Implementing MLOps on Edge-Cloud Systems: A New Paradigm for Training at the Edge

Dave, Ridham

Implementing MLOps on Edge-Cloud Systems: A New Paradigm for Training at the Edge

Files

Ridham_Dave.pdf (1.88 MB)

Date

2023-08-18

Authors

Dave, Ridham

Advisor

Fischmeister, Sebastian

Publisher

University of Waterloo

Abstract

Owing to the rise in data from the Internet of Things~(IoT) devices and the increasing demand for intelligent decision-making on the network's edge, there has been a significant surge in interest in the intersection of edge computing, cloud computing and artificial intelligence~(AI). Various sectors are adopting such an integrated approach because of the low-latency operating capability due to edge computing, intelligent decision-making due to AI and scalable computing in the cloud. Due to low-latency requirements, in case of performance degradation of the AI application, it is crucial to rapidly adapt and update the edge environment independently while maintaining state synchronization with the cloud. Owing to the prerequisite for rapid adaptability, a necessity for personalized Machine Learning~(ML) training on the edge becomes evident. Furthermore, the universal ML model training is typically conducted in the cloud, leveraging its higher computing resources and abundant data in the central storage. In such a hybrid environment with multiple model sources, it is essential to maintain consistency and a synchronized state of the system. Conventional Machine Learning Operations, also known as MLOps, manage the efficient deployment and monitoring of machine learning models in a single-tier environment. The challenge of performing MLOps in an edge-cloud environment grows with the number of IoT devices, edge servers and machine learning models. Thus, streamlining the machine learning process, including model training, deployment, and performance monitoring, requires a scalable and robust hybrid approach.

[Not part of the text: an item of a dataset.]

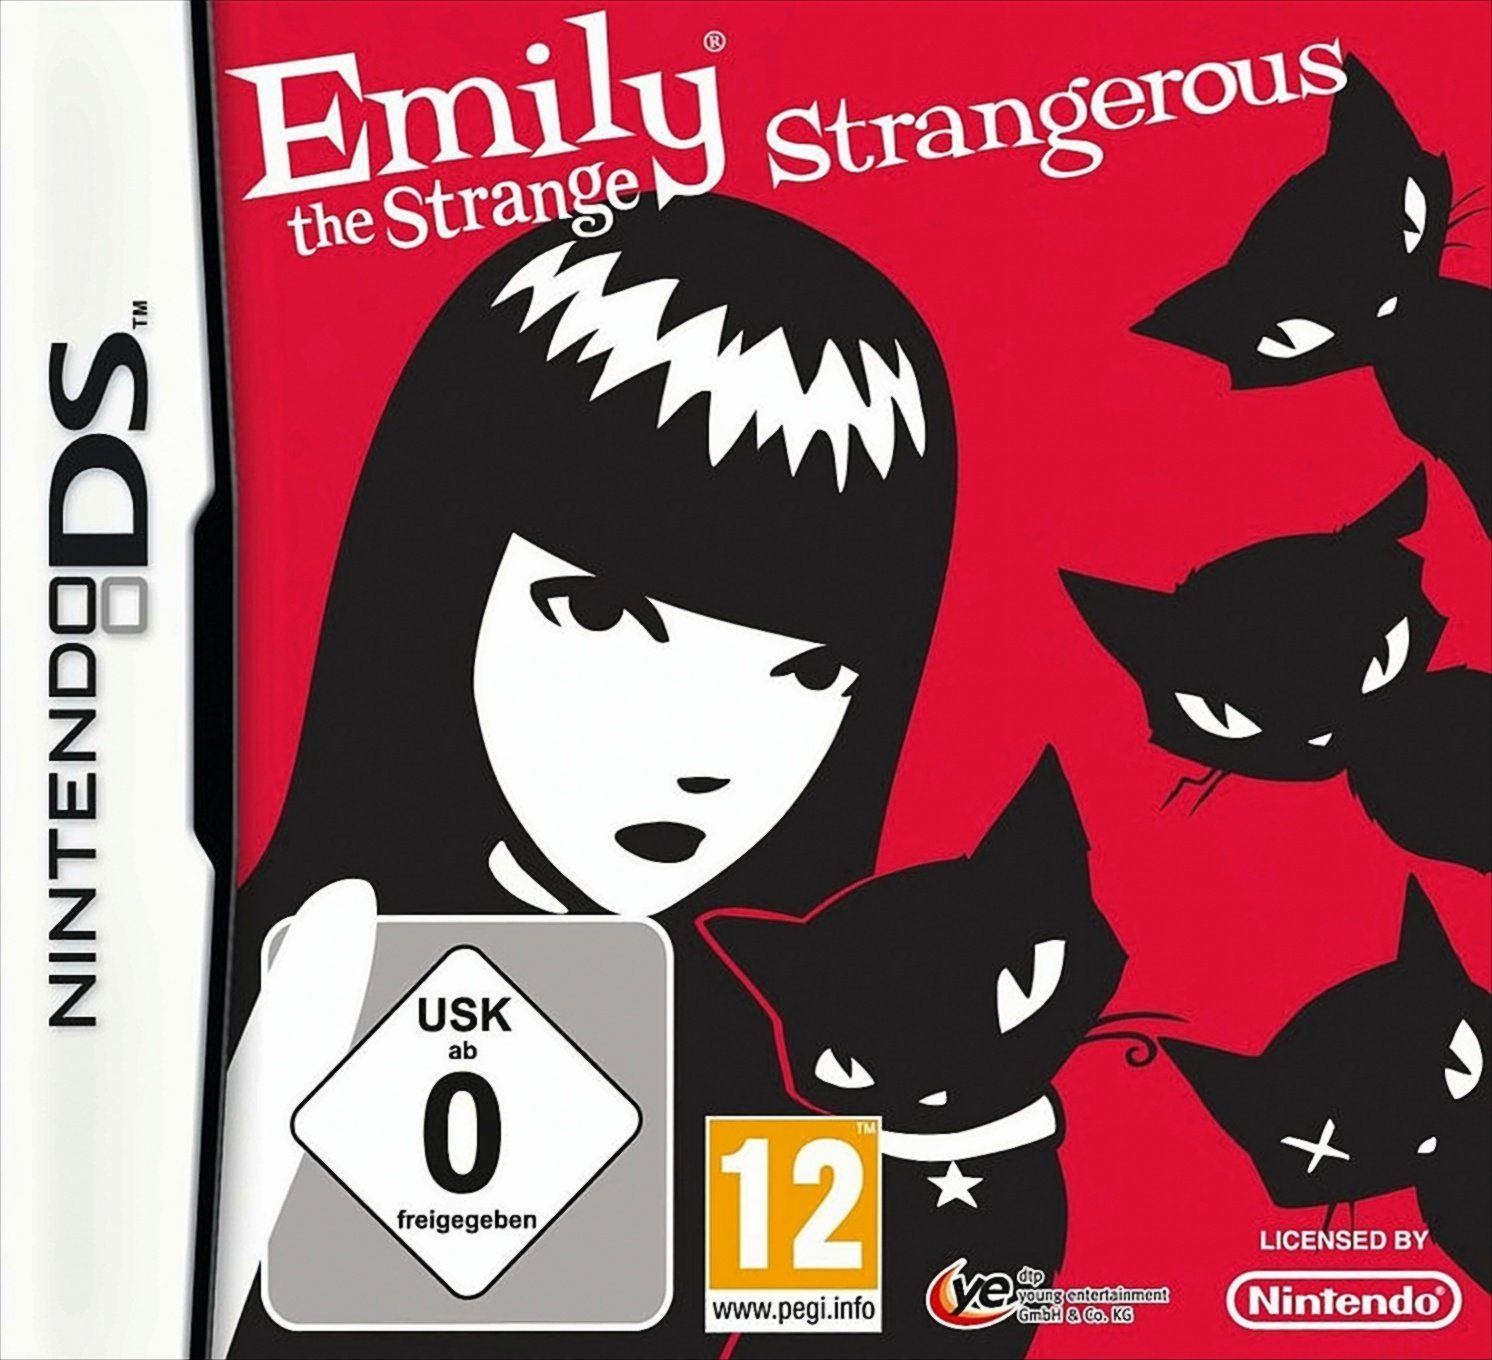 Emily The Strange: Strangerous Nintendo DS

To solve the challenge of performing multi-tiered MLOps in a hybrid ecosystem, we propose a novel MLOps architecture to orchestrate the edge-cloud model training and synchronization. This thesis assesses the proposed architecture using quality attributes, including maintainability, reliability, scalability, functional adaptability and robustness. Furthermore, the thesis tests the proposed architecture in a practical case study experiment, including multiple IoT devices, edge servers and centralized cloud infrastructure. This thesis presents an innovative solution for maintaining ML-enabled edge-cloud systems.